Stopping pipes that runneth over

Sewer repairs promise help for flooding basements

By KATE REARDON

Herald Writer

EVERETT — Just think of replacing the city’s sewer lines as a trip to the dentist for a root canal. It will be painful, but comforting when it’s all over.

Construction crews are digging up neighborhood roads and alleys for the next few weeks in north Everett to replace lines, some of which have been there for 100 years or more.

For some residents, the work will mean limited or no access to garages or yards for a few days. Residents should still be able to use their sinks and toilets, however, during the work.

The new lines will be able to handle the water flows better during heavy rains.

"People don’t have a lot of tolerance for street and basement flooding, and they shouldn’t," said Clair Olivers, director of the city’s public works department. "We’re determined to eliminate those problems, but it isn’t going to happen overnight."

Some of the old pipes aren’t large enough and don’t handle today’s flows, which can contribute to flooding in the streets and basements when gully washers hit.

And some lines need to be replaced since sewer acid has eaten away at the old concrete pipes, Olivers said.

Most of the new pipes will be made out of plastic.

"The biggest benefit is getting rid of flooding problems," he said. "The other benefit is avoiding having such problems where they don’t currently exist."

The work is part of an ongoing effort to replace sewer lines, Olivers said. For the past 20 years, the city has spent an average of $1 million a year on this type of work.

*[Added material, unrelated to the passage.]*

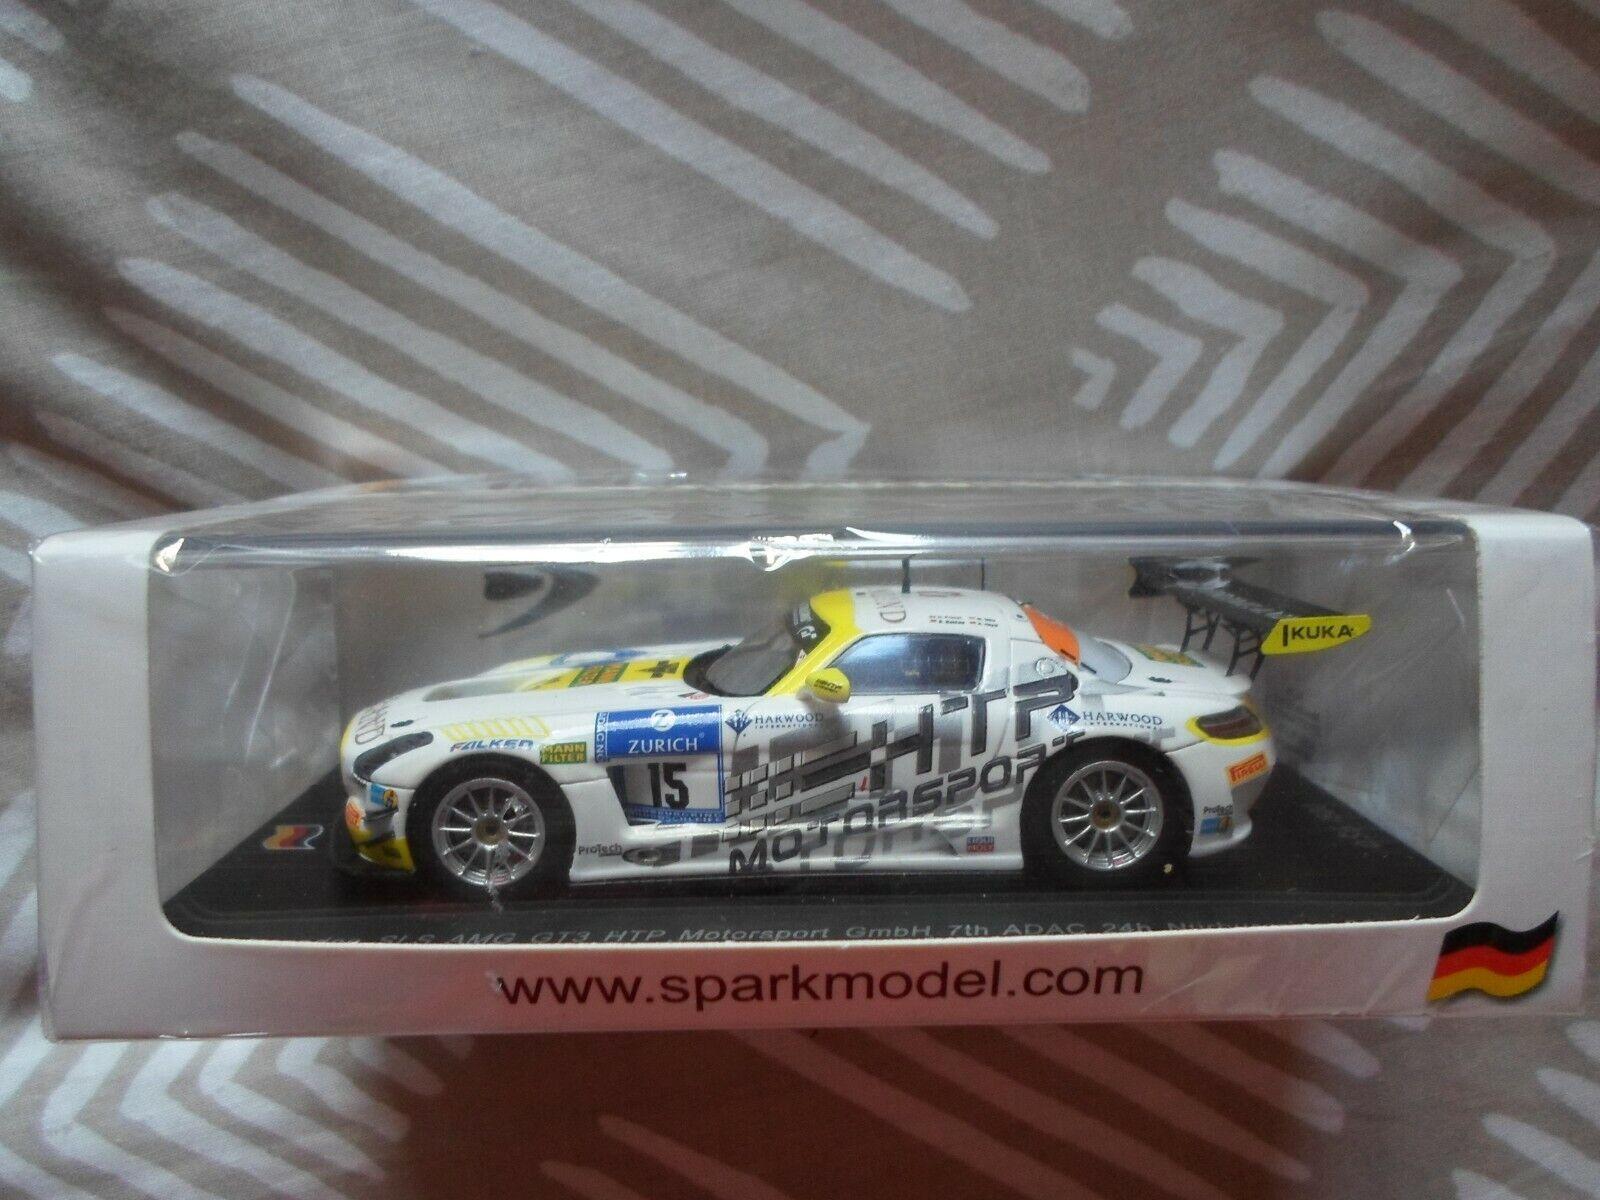 Model Car - 1 43 - Nurburgring 24 Hour - Mercedes Benz SLS AMG GT3  15 2014

Even so, it seemed like crews couldn’t replace some of the lines fast enough.

"We said, ‘It looks like we’re falling behind and spending more time on spot repairs,’ " Olivers said. "We essentially got council support for almost tripling the effort for sewer main replacement."

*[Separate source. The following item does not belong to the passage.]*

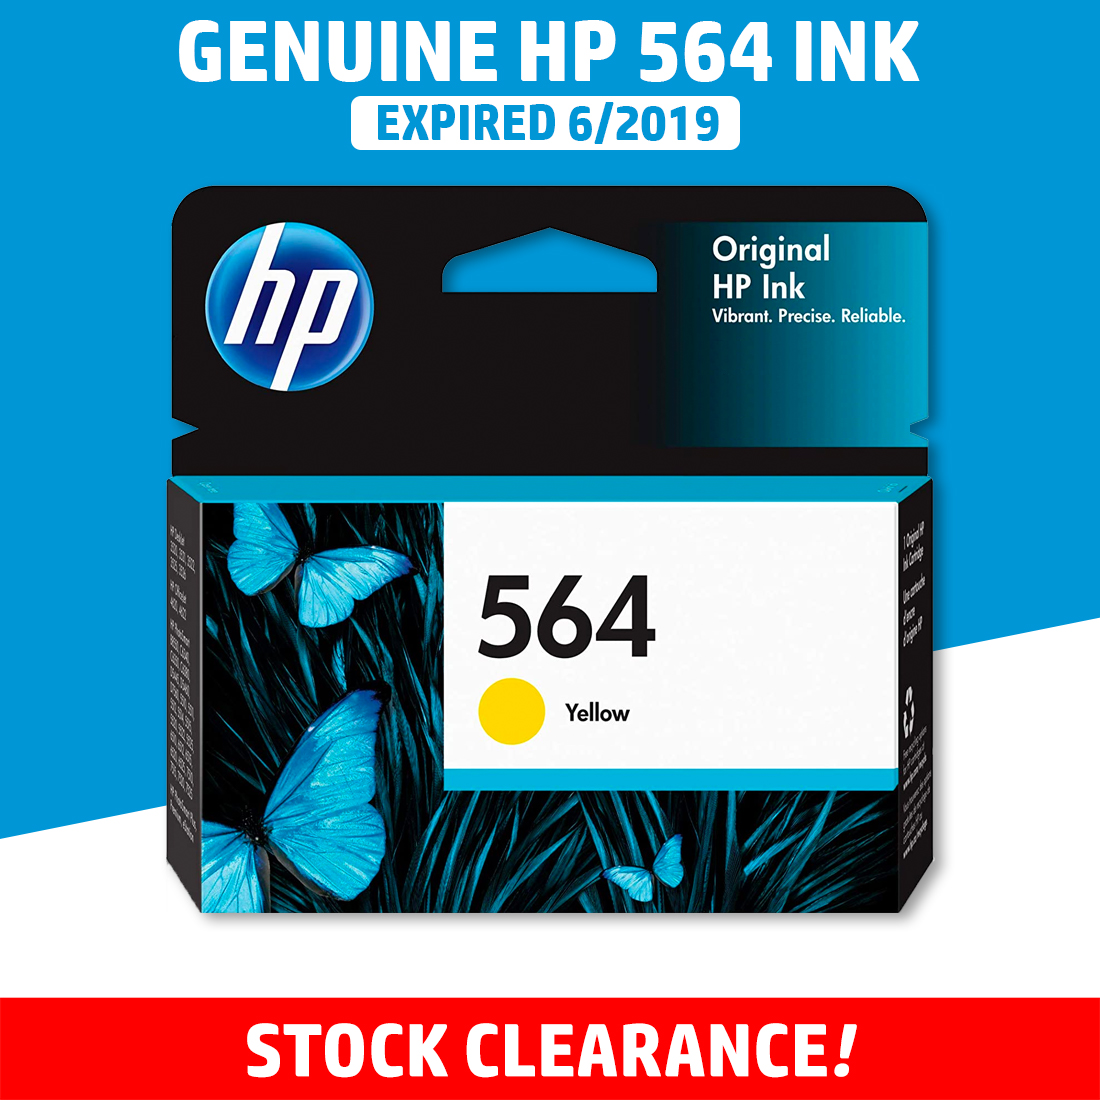 [CLEARANCE] Original HP 564 Color Ink Cartridge - Genuine HP Ink CB318WA CB319WA CB320WA Color Inks (300 Pages)

Now, the city will spend between $2.7 million and $3 million a year on replacement for the next 10 years, Olivers said, adding that public works has the money to do it.

Depending on location, any stretch of the city’s 300 miles of underground sewer pipes could be made out of concrete, clay, iron, concrete and steel, or plastic.

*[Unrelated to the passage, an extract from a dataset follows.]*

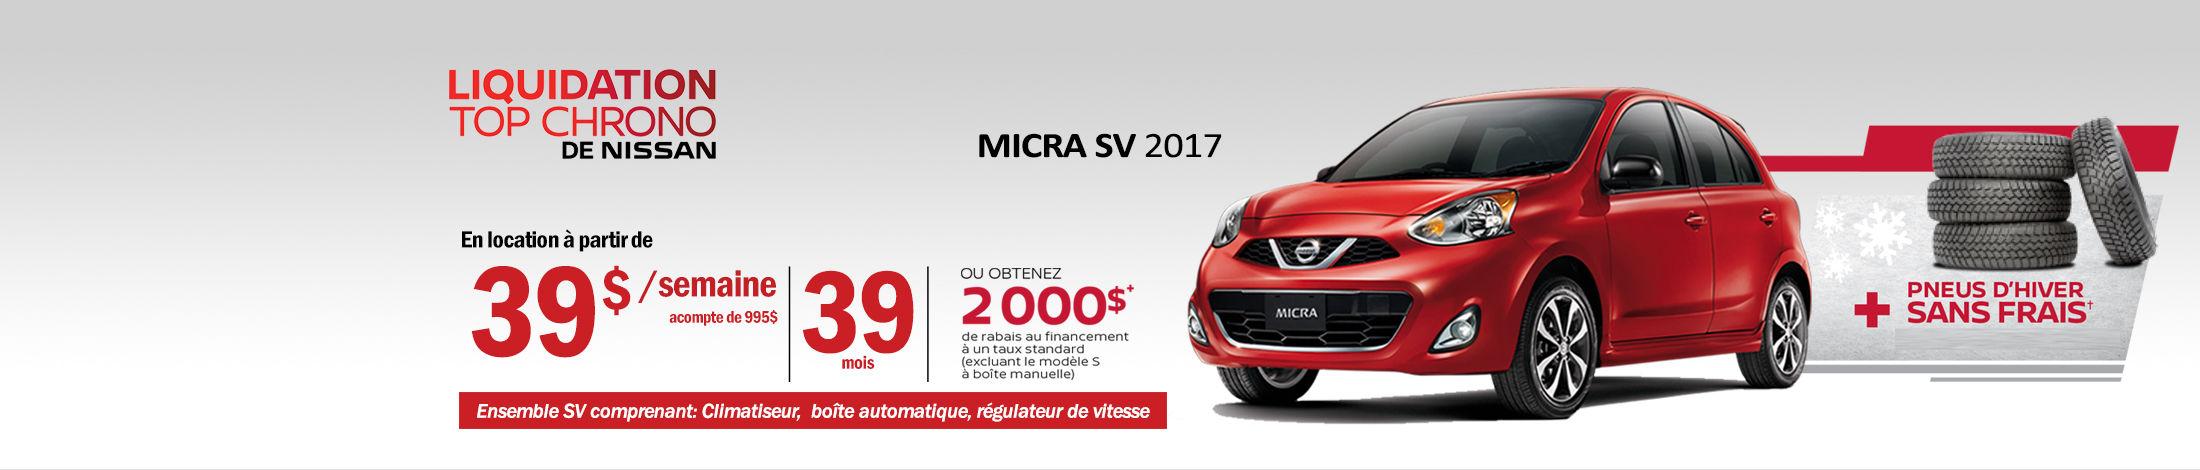 Nissan Micra Promotion septembre - Banner

The city started looking at replacing sewer lines in 1979. There was a flurry of activity in the early 1980s because of a bond issue intended to fix up the water and sewer systems to add additional capacity, Olivers said.

Much of that work included building sewer pump stations for sewers in the city’s south end and replacing deteriorating sewers in the city’s north end.

Olivers said lines had gotten so bad in some places that alleys caved in when garbage trucks drove through.

Some of the pipes have been under city streets since horse and buggy days.

From about 41st Street N., water from sewers and streets drains into the city’s system.

For about the next month and again in the spring, construction workers will replace lines in places from Grand to Colby avenues and from 14th Street to Alverson Boulevard.

Other work includes:

  • Alleys from 17th to 21st streets near Lombard and Oakes avenues.

  • The alley at Hoyt and Rucker avenues between 24th and 25th streets.

  • A portion in northeast Everett including Fulton Street from 21st to 24th streets.

  • Alleys in the 2100 block from Fulton Street E. to Walnut street.